Most of the diesel engines already in the Ruapehu district can be converted to burn 9/10ths hydrogen. A mixture of air and hydrogen is drawn into a cylinder, heated by compressing it, then ignited by injecting 1/10th the usual quantity of fossil fuel. Details.

Wind turbines can convert the energy in our winds to electrical electricity that can be run through water (H20) to transfer that energy to hydrogen (H2). The hydrogen energy can be piped to refueling stations much more cheaply than high voltage electric energy. And unlike electric energy, it can be cheaply stored until needed.

As well as supplying local vehicles, the thousand or so H2-fuelled diesel-engined SUVs, trucks and locomotives that pass through the district each day could be refueled.

This industry could start off small as specialist engineers, tradies and managers gain experience. It could then employ increasing numbers of workers and bring large amounts of money into the area.
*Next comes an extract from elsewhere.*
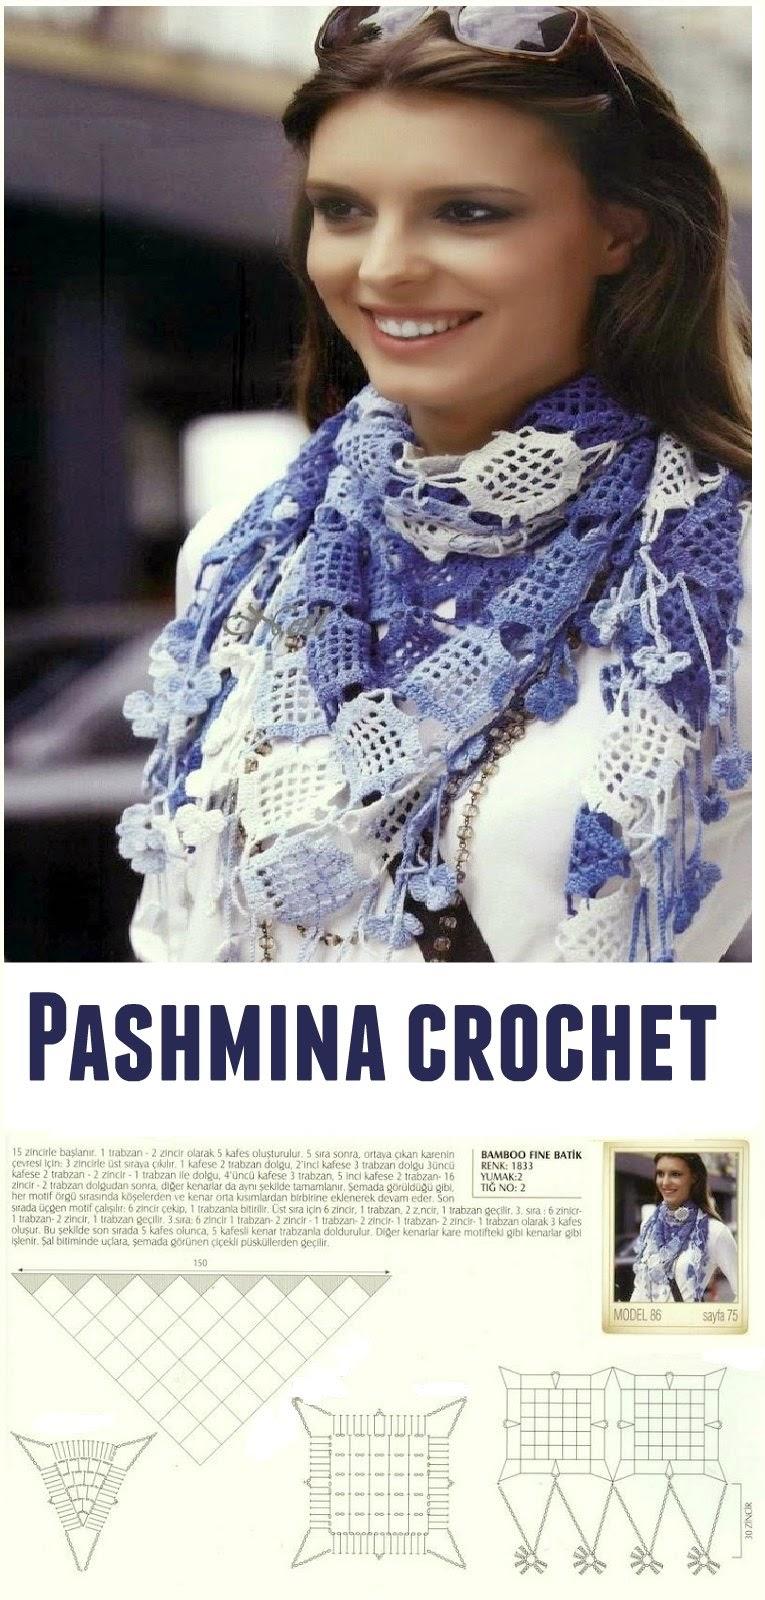 Pashmina crochet gama colores

14. An Internet Technology centre here.

OPPORTUNITY F. There is a very thick fibre optical cable running alongside the NIMT railway line. And people developing electronic technology like to get away from cities and out in the open air to clear their minds.


A PROBLEM

                "We don't want circuses on our skifield."
I have found that some of the district's older voters, and the old leaders they elect, are emotionally wedded/welded to their sheep-skis-and-veges status quo, and are incapable of imagining, organizing, fund-raising and instituting radical new income streams that would be lifelines for their children's generation.

I foresee very few of the above suggestions being implemented, except some more bike trails, and by 2034 hundreds of mill, skifield, shop and school personnel will have moved away from the district, dozens of empty houses and shops will been put up for sale at rock-bottom prices,with the cheap houses being bought by retired couples who like e-biking and spending as little money as possible.